From your description, you mention Vout is oscillating from 0 to 3.3 V when disabled. Is this the load or the LDO that is disabled? If the LDO is disabled, this implies that you have a leakage path onto the output from somewhere else in the application.

Our first thought was that this is leakage from other sources, but when we disconnect everything at LDO output, we can still see oscillation. From that we conclude, that this is LDO problem. This is LDO, that is disabled has some varying voltage on output and can not be disabled.

Ryan Eslinger said:

The voltage drop on the input rail sounds like a load transient for your upstream supply caused by the inrush current of the circuitry with a lot of capacitance. Due to the drop in input voltage, the TLV702 will go into dropout and may even experience reverse current if Vout should exceed Vin during this time. Additional input capacitance local to the TLV702 should reduce the input supply's voltage droop.

*We have solved the drop problem by limiting capacitor inrush/charge current. This also helped with LDO oscillation, LDO is not going into that mode anymore, but we are afraid, that this might still happen in application, when external power supply is not stable (in old vehicles). So we also lowered output capacitance to 1uF (as oscillations appear at ~11uF). *

Ryan Eslinger said:

In order for us to help debug, please provide a multichannel scopeshot showing Vin, Vout, Ven, and Iout.
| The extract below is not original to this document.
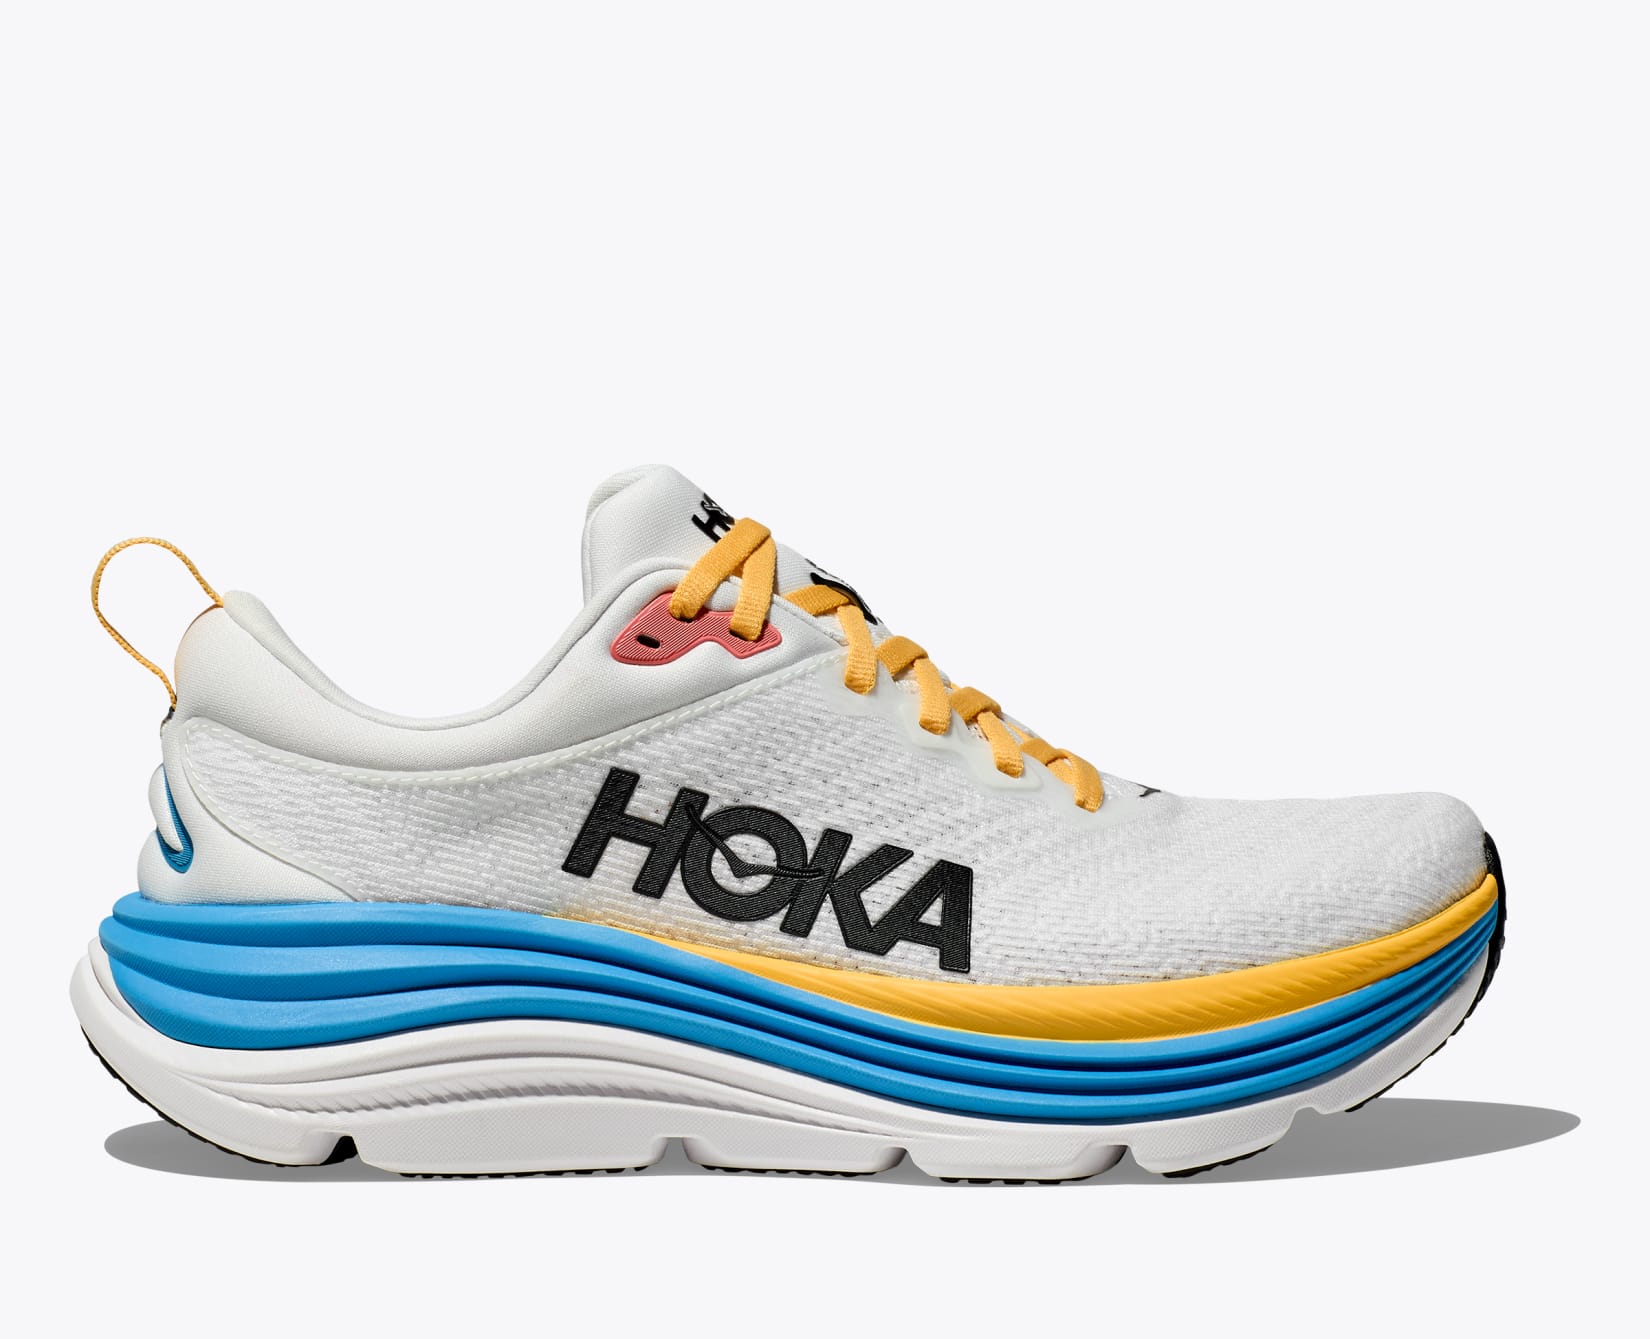 Hoka One One Mach 5 Women's Size 10.5 B (Medium) Running Shoes Teal

This will help us understand the relationship between the rails.

We can do such measurements, but i'm not sure how to measure output current. At attached picture is Vin (blue), Vout(yellow), InRushcurrent Enable(Orange) - (it's a bit spikey, because i was using a wire shorting it to ground) and LDO enable(green). After this moment LDO goes into oscillation and can not be disabled. Maybe this graph is enough? Output current can be measured, but we also saw this with no load at the output, so i doubt this would be of any assistance. After LDO is disabled, LDO still has voltage on output, but voltage is dependant upon load, we have seen higher voltages also, up to 3.7V.

Hi Bart,

I am glad to hear that you solved the voltage drop on Vin. The scopeshot you provided in your latest post confirms, that when the orange signal turns on, the inrush current on that rail is causing the shared input rail (blue) to drop. The LDO (yellow) is therefore forced into dropout until Vin rises again.

The LDO output appears to be properly regulated whenever you only have the LDO enabled (the orange signal is in the disabled state). When the orange signal is in the enabled state, the LDO output always appears to be biased higher than 3.3 V. Traditional LDOs do not sink current. As such, when the LDO output is biased high, the LDO will simply disable the pass FET until the load can pull the output voltage back into regulation.
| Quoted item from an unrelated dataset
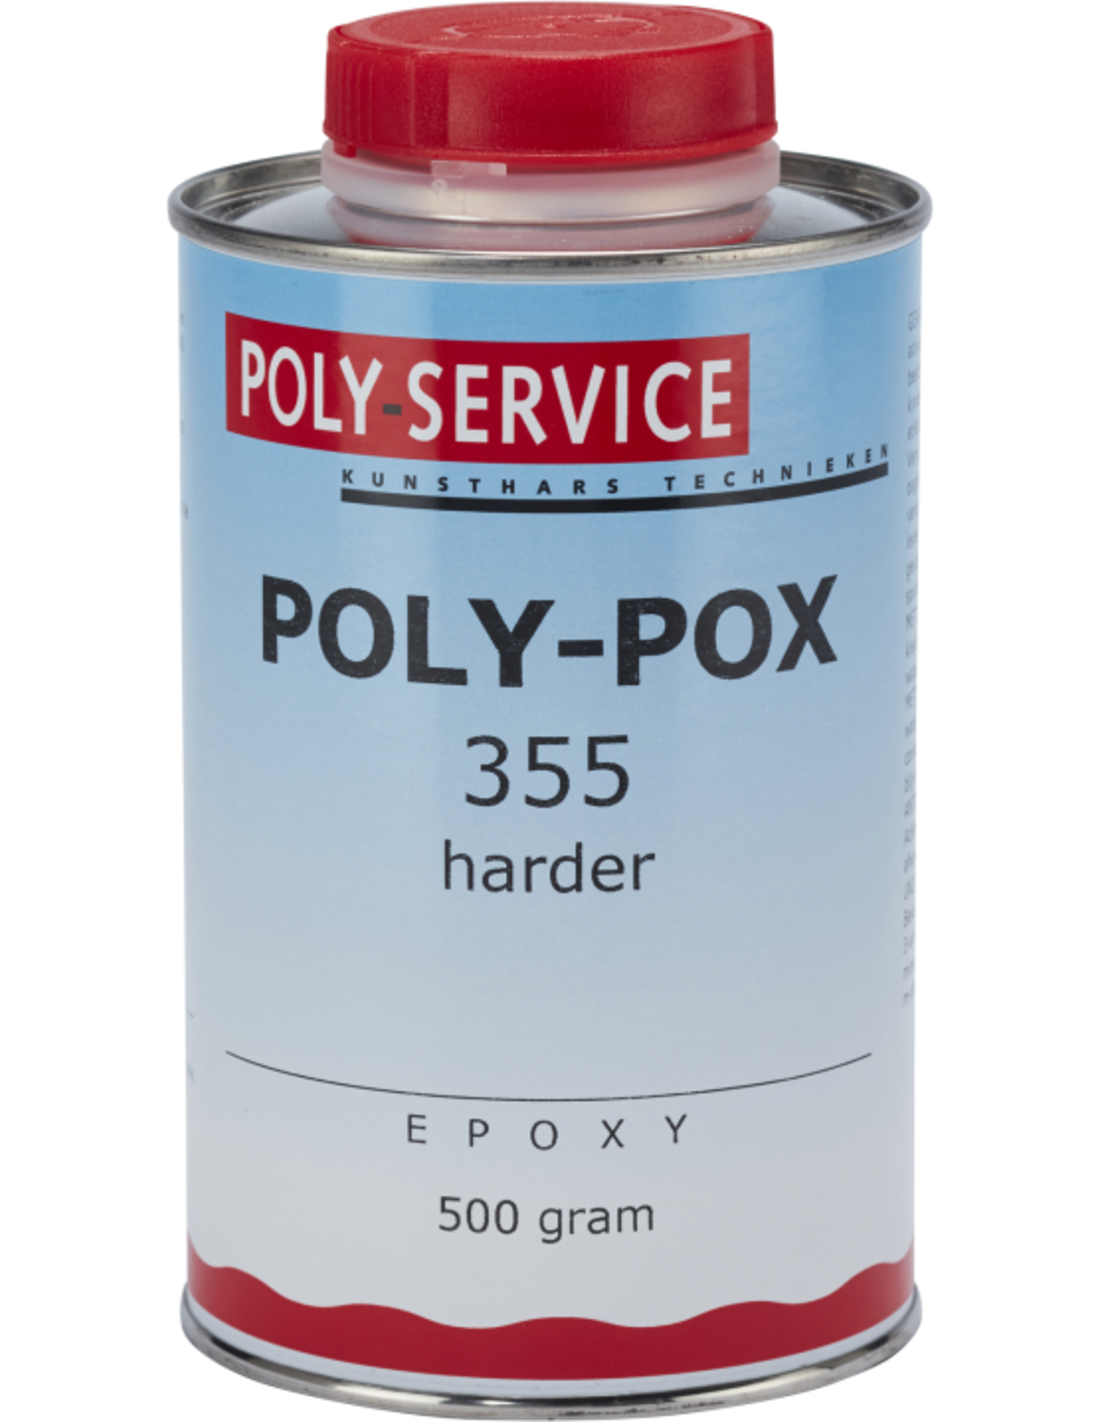 Poly-pox-355-epoxy-harder.png

You mention that you can isolate the output of the LDO from the other circuitry. Are you able to provide a scopeshot like the one above with the LDO output isolated (R20 is unpopulated)? Also, please confirm that R1244 is unpopulated during your tests.

Very Respectfully,
Ryan

Hi Ryan,

thank you for your feedback.

• R1244 unpopulated as requested.

 Green - Ldo output, Yellow - LDO enable pin.

Green ldo output, Yellow - LDO input voltage:

2. R1244 and R20 unpopulated:

Green - ldo output, Yellow - LDO enable signal. Ldo has 3.94V on output with no load, also when disabled. We have checked 2 devices.
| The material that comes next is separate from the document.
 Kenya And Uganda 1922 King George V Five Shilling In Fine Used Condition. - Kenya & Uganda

Looking forward for your feedback.

Kind regards,
TI Customer

Hi Ryan,

do you have some updates/feedback for us?

Thanks & regards,
Bart

Hi Bart,

The LDO output being higher than its regulation voltage indicates that either a higher voltage rail is leaking onto the LDO output rail or that the LDO itself is damaged. The most telling scopeshot is your last scopeshot where you have isolated the LDO output from all other signals. As such, it appears that the LDO is damaged. This could be confirmed further by removing the LDO from the application altogether and placing it on an EVM such as MULTIPKGLDOEVM-823.

Very Respectfully,
Ryan

Thanks Ryan.
We are going to check it as you advised on the EVM.

-What are further steps if we find that LDO is damaged?

-What are the steps if it will work fine on evaluation board?

Hi Bart,

If the LDO is not operating correctly on the EVM, then we need to determine if the application damaged the LDO or if the LDO was damaged before it was in the application. If it was damaged in the application, the most likely causes would be an over voltage, over current, or reverse current. These events will most frequently occur during the power up or power down of various rails in the application.

If the LDO is still operating on the EVM, then we need to look for additional leakage paths that would bias the output voltage high.

Very Respectfully,
Ryan